In 2014, a basement property was purchased from a hotel at Rutland Place, in the West End of Edinburgh, and the company opened a small distillery visitor attraction and bar to the public. At launch, there were three different public tour options. The distillery at Rutland Place operated two 150 litre stills, nicknamed Flora and Caledonia, which were used for seasonal and special releases. Following in 2016 a second distillery was purchased in the Biscuit Factory, Leith. This distillery initially produced only original Edinburgh Gin but production of Edinburgh Seaside Gin was also moved there from Rutland Place in 2018. By 2016, distillation of Edinburgh Gin was done wholly within the City of Edinburgh.

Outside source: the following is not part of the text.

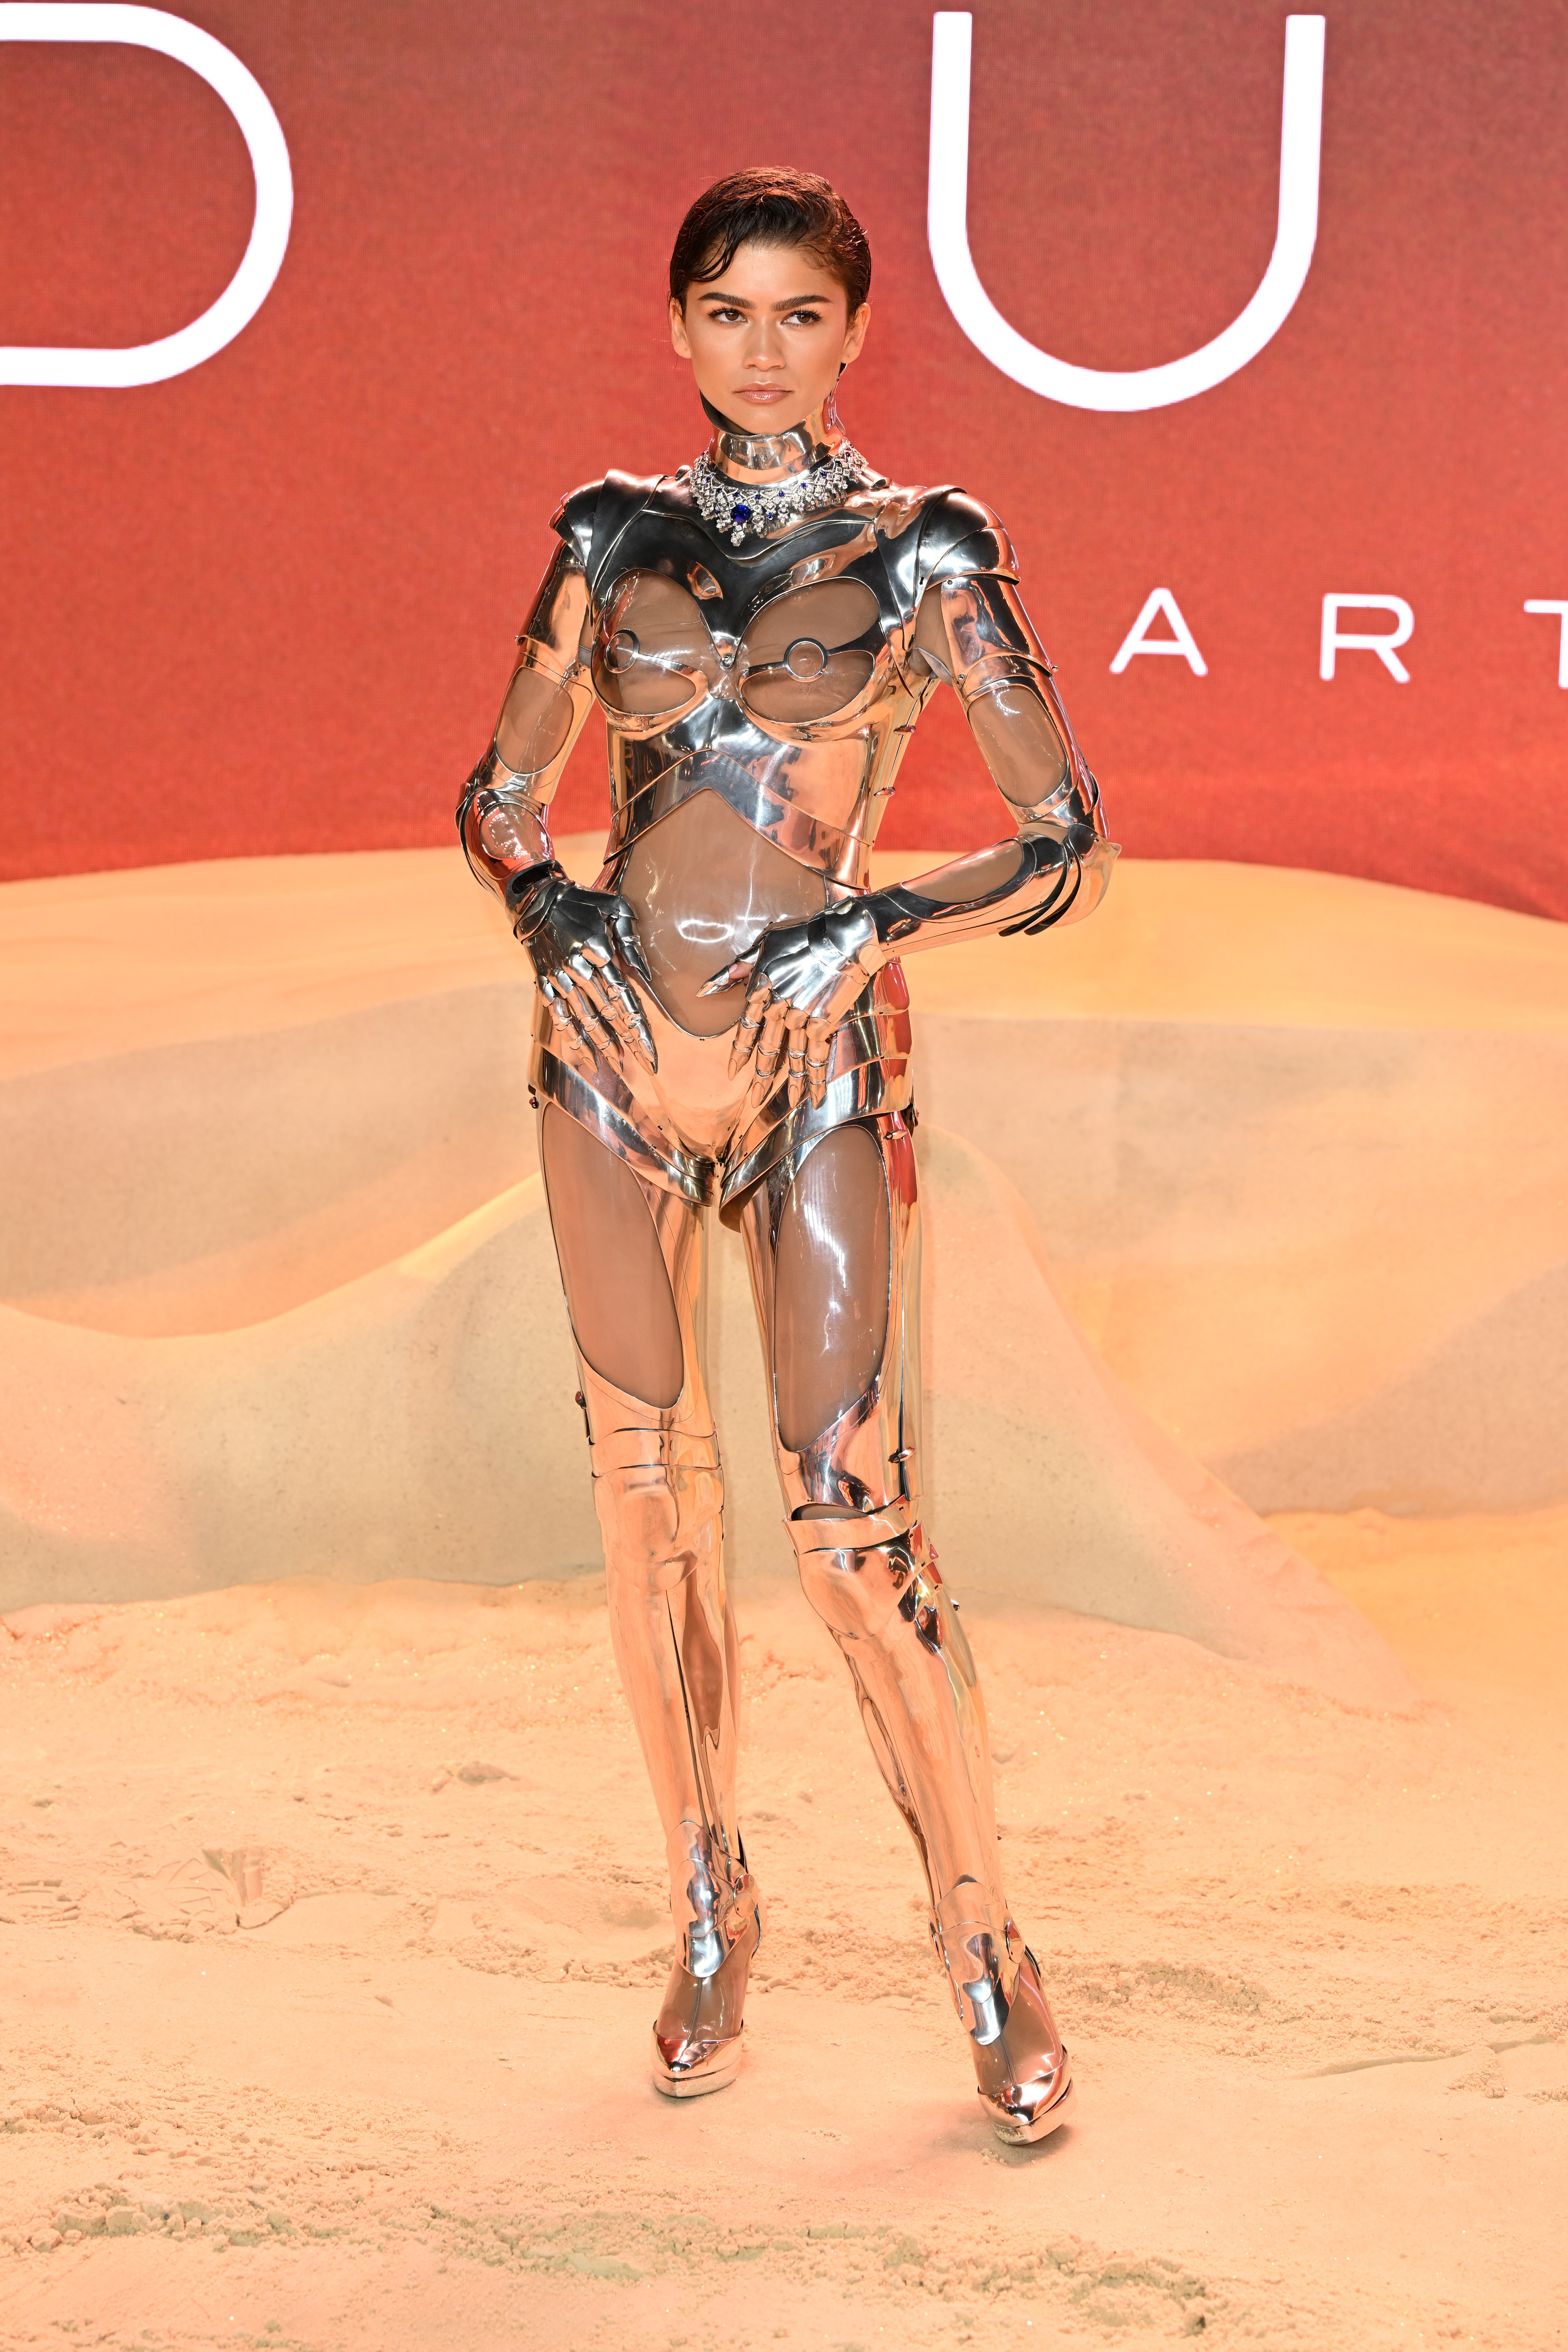 Zendaya in a futuristic metallic bodysuit stands in front of a branded backdrop

At this time, Edinburgh Gin was experiencing a period of rapid growth. in 2015, Nielsen Scantrack named Edinburgh Gin Scotland's fastest growing gin brand, with Edinburgh Gin Raspberry Liqueur the 15th most valuable gin brand overall in Scotland. By 2018, Edinburgh gin was the 6th most valuable off-trade drinks brand in Scotland, ahead of Bell's, Brewdog, and Innis & Gunn.

Spencerfield Spirit Company was acquired by Ian Macleod Distillers in 2016. The Edinburgh Gin brand name, as well as those of the company's blended whiskies, were added to their portfolio and the Spencerfield Spirit branding was wound down. Ian Macleod purchased a site on East Market Street in 2018 and announced plans for a new brand home and distillery attraction for Edinburgh Gin. The chosen site had been earmarked for development by Edinburgh City Council, who noted its potential for a gateway regeneration project. This project was concurrent with the company's investment in its other visitor sites, including the revival of Rosebank distillery. The company predicted visitor numbers to the new distillery would be in excess of 100,000 per year.

In recent years Edinburgh Gin have released several limited-edition gins themed around persons and places associated with the Fringe Festival, including a limited edition collaboration with Phoebe Waller-Bridge in 2021 and with Eddie Izzard in 2023.

== Edinburgh Gin Distillery at the Arches ==

The Arches is Edinburgh Gin's distillery, brand home and visitor centre, located on East Market Street, Edinburgh. The attraction opened to the public on 6 December 2024. At launch the attraction offered four different tour types including a gin-making experience and a gin and chocolate pairing tour. Seasonal tours and experiences are sometimes held, which have included wreath-making workshops and cheese pairings with Edinburgh cheesemonger IJ Mellis.

The distillery operates two 2,000 litre stills nicknamed Annie and Lina, after the first female gardeners to work at the Royal Botanic Gardens, Edinburgh. A third, smaller still, is nicknamed Matilda and used for experimental purposes. The Arches is built on the site of the former Trinity Church and incorporates arches and brickwork from the heritage building into its design. Part of the original site is C listed, and five 19th-century structures have been folded into the modern building. In Summer 2025 a second rooftop bar, the Roof Terrace Bar, was added to the site.

== Production ==

Edinburgh Gin uses a combination of maceration and vapour infusion distillation. Most botanicals are macerated overnight in neutral grain spirit, but delicate ingredients are suspended in the head of the still. Prior to production moving to the Arches, the still at the Biscuit Factory had a copper basket for this purpose; spirits produced at Rutland Place, where the stills did not have baskets fitted, would have their botanicals placed in the still in teabags instead.

The Classic Gin uses juniper from North Macedonia, while Seaside Gin and Cannonball Gin use juniper from Italy.

== Reception & Awards ==

In 2010 the original Edinburgh Gin was awarded a SIP Gold award, followed by the IWSC silver award and Great Taste Gold in 2011. Other Edinburgh Gin expressions have also been successful at the IWSC, with Cannonball Gin being awarded IWSC Gold in 2015.

Edinburgh Gin Head Distiller David Wilkinson was named Distiller of the Year at the Icons of Gin Awards 2019, and the Arches was named Scottish Gin Distillery of the Year and Gin Tourist Destination of the Year at the Scottish Gin Awards in 2025.